Negative Stem Cell Lines Yield Positive Results
"But what interested us more were hematopoietic lineage-minus cells - the ones that don't develop into lymphocytes or erythrocytes. This fraction presumably contains endothelial progenitor cells, that is, blood vessel stem cells. We knew this population had some cells that would differentiate into blood vessels, when put in the appropriate environment. And we don't see this in the lineage-positive cells."
The co-authors tested these lineage-plus and -minus stem cells in vivo in their rd/rd mice. "This mouse," Friedlander said, "incurs profound retinal degeneration by one month after birth. The photoreceptors in the back part of its retina, which does the seeing, are all gone. In addition, they lose the two deep layers of retinal blood vessels. That's the model we used for reconstructing their vasculature with these stem cells. We treated them a couple of days after birth, then compared one eye - into which we had injected an appropriate lineage-positive stem cell population - with the other eye, which received the inappropriate lineage-negative stem cell population. The positive looked like a typical rd/rd - no photoreceptors.
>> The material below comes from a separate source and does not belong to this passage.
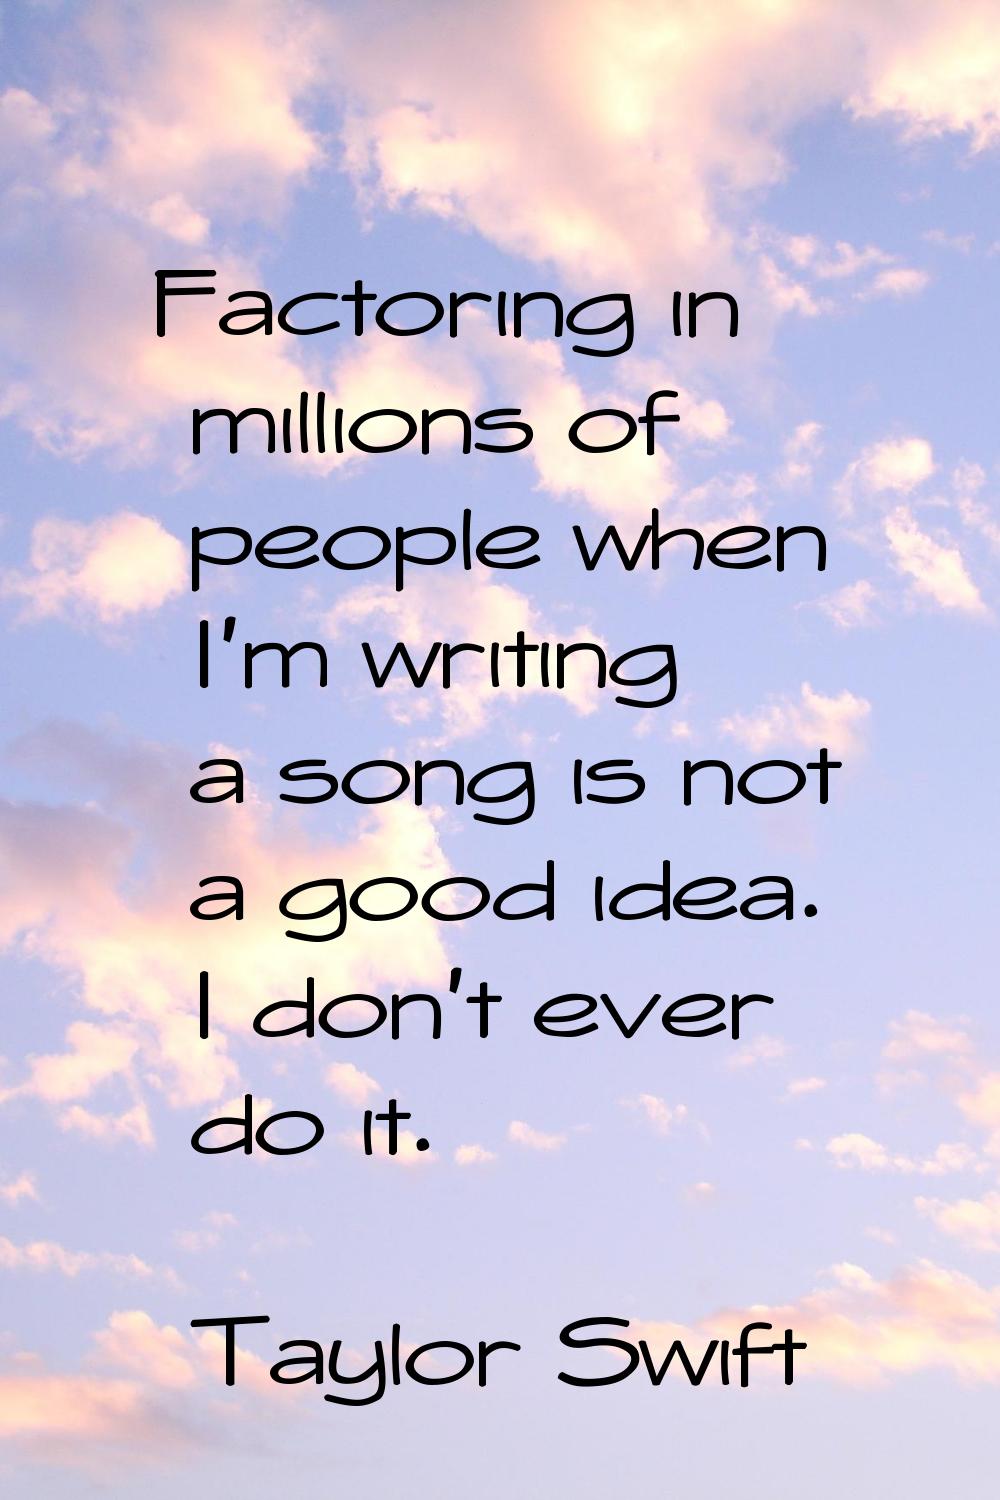 Factoring in millions of people when I'm writing a song is not a good idea. I don't ever do it.

If we injected their retinas with lineage-minus stem cells, they actually got some photoreceptors back, and much of their missing vessels."
Looking ahead, Friedlander remarked, "Now we'd like to know if those vessels we rescued in those rd/rd mice, and the photoreceptors that appeared to appear, were functional. Not the vessels, but: Can those mice see? That is, did we restore vision in mice treated with stem cells? If so, this can have applications in human patients with acquired retinal degenerations. Clinical trials will come," he concluded, "when we know the treatment is safe and efficacious - or perhaps we'll design drugs with which to treat them."